Gao Jian said that even if it has reduced the scale of production reduction, there will still be a certain amount of production reduction. It is difCrude oil marketficult to fill the current market supply gap by relying solely on the increase in shale oil production in the United States, or even the increase in production in Brazil and Canada.
The U.S. Energy Information Administration EIA released a report on May 9 on Wednesday, showing that as of the week of May 4, U.S. crude oil inventories decreased by 270,000 barrels to 800 million barrels, a market estimate of a decrease of 790,000 barrels. Refined oil inventories in the United States fell by 70,000 barrels, and recorded a decline for 5 consecutive weeks. The market is expected to decrease by 50,000 barrels. U.S. gasoline inventories fell by 240,000 barrels, and the market estimated a decrease of 450,000 barrels.
As the U.S. off-season for oil consumption is coming to an end, global crude oil inventories have also been effectively reduced. As of now, global crude oil inventories are about 4.4 billion barrels, which has effectively decreased by 100 million barrels from the peak of 4.7 billion barrels in July 206. , Basically close to the 5-year moving average of OPEC and Russia’s production limit targets, and set a new low in the past year.
India signed an agreement with Iran to pay for oil in rupees last month, 50% of which is used for exports. However, if Iran wants to deposit rupee in Indian banks, it must set aside 40% withholding tax and other payments, and finally deduct 45% of the total deposit amount. To this end, India has deliberately announced an exemption order, and the payment of oil imports to the Iranian National Oil Company in rupees can be exempted from withholding tax.

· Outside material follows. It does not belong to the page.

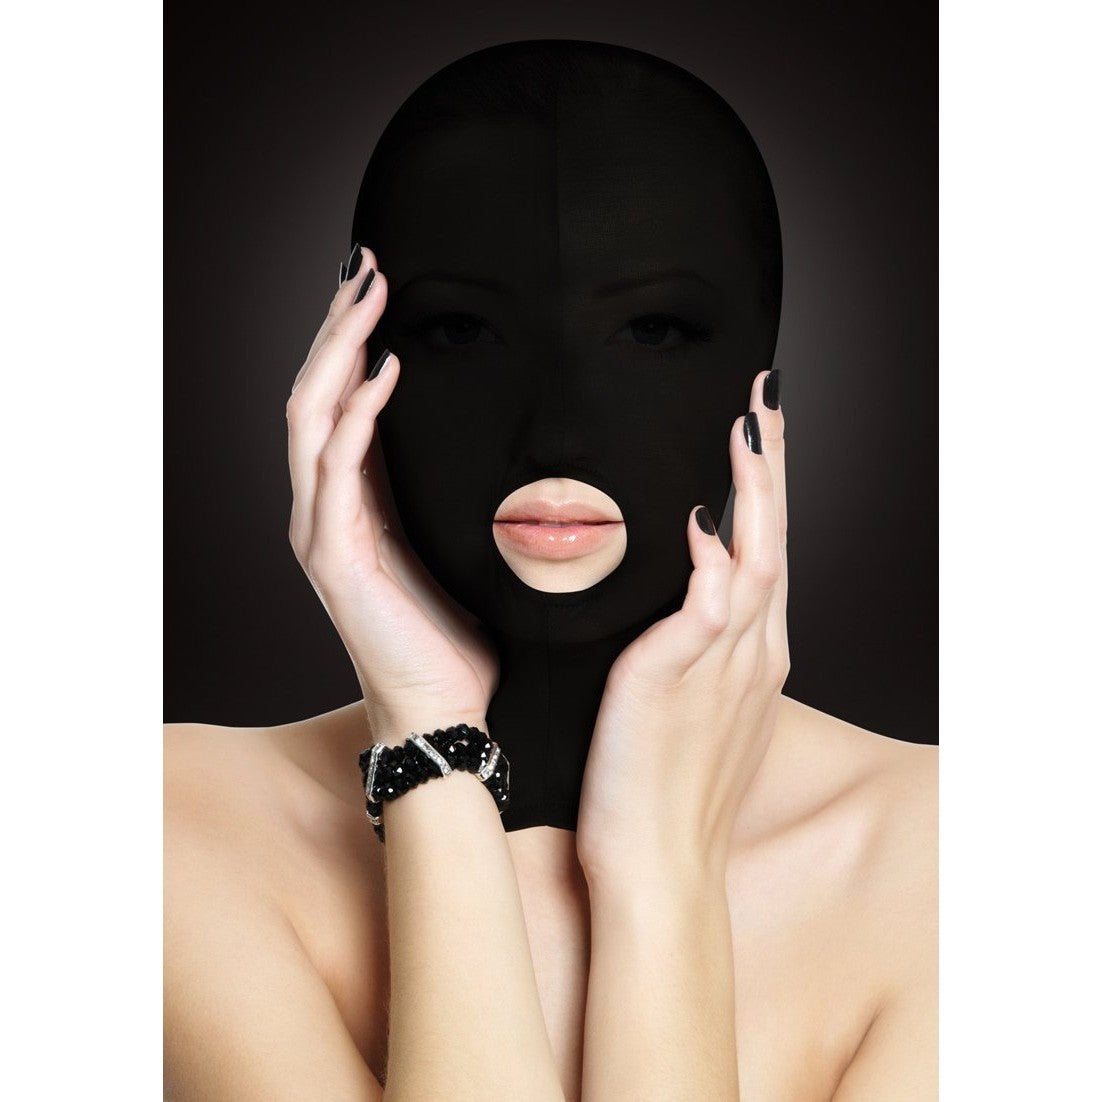 Submission Mask Black Intimates Adult Boutique

Since OPEC decided not to cut production in 204, oil prices have plummeted. While Saudi Arabia’s strategy of squeezing American shale oil out of the market has worked, Saudi Arabia has also suffered large losses and is running out of cash reserves to make up for it. The budget deficit is the biggest reason for Saudi Arabia's loosening of its position. On September 5, during the G20 Hangzhou summit, Russia and Saudi Arabia stated that the two countries can limit production. After the two countries announced plans to cooperate, the distribution of oil once soared by about 6% to 44 US dollars per barrel. The market even thinks they will reach an agreement to limit production immediately.
To a certain extent, due to the invoCrude oil marketluntary decline in Venezuelan output, OPEC's performance on the agreement has exceeded expectations. In theory, Saudi Arabia and other major OPEC oil-producing countries can increase oil supplies, but they have not yet done so.
According to a CNBC report, Jeff Currie said that OPEC's production cut plan has drastically cut oil production from the very beginning, coupled with the decline in Venezuela and Iran's production, Russia is also accelerating production cuts, and the problem of oversupply in the global oil market has been alleviated.
The three consecutive declines in domestic oil prices are not unrelated to the recent continuous decline in international oil prices. At present, WTI crude oil in the United States has fallen by 77% to US$50.56 per barrel, and the price of Brent has fallen by 72% to US$55 per barrel.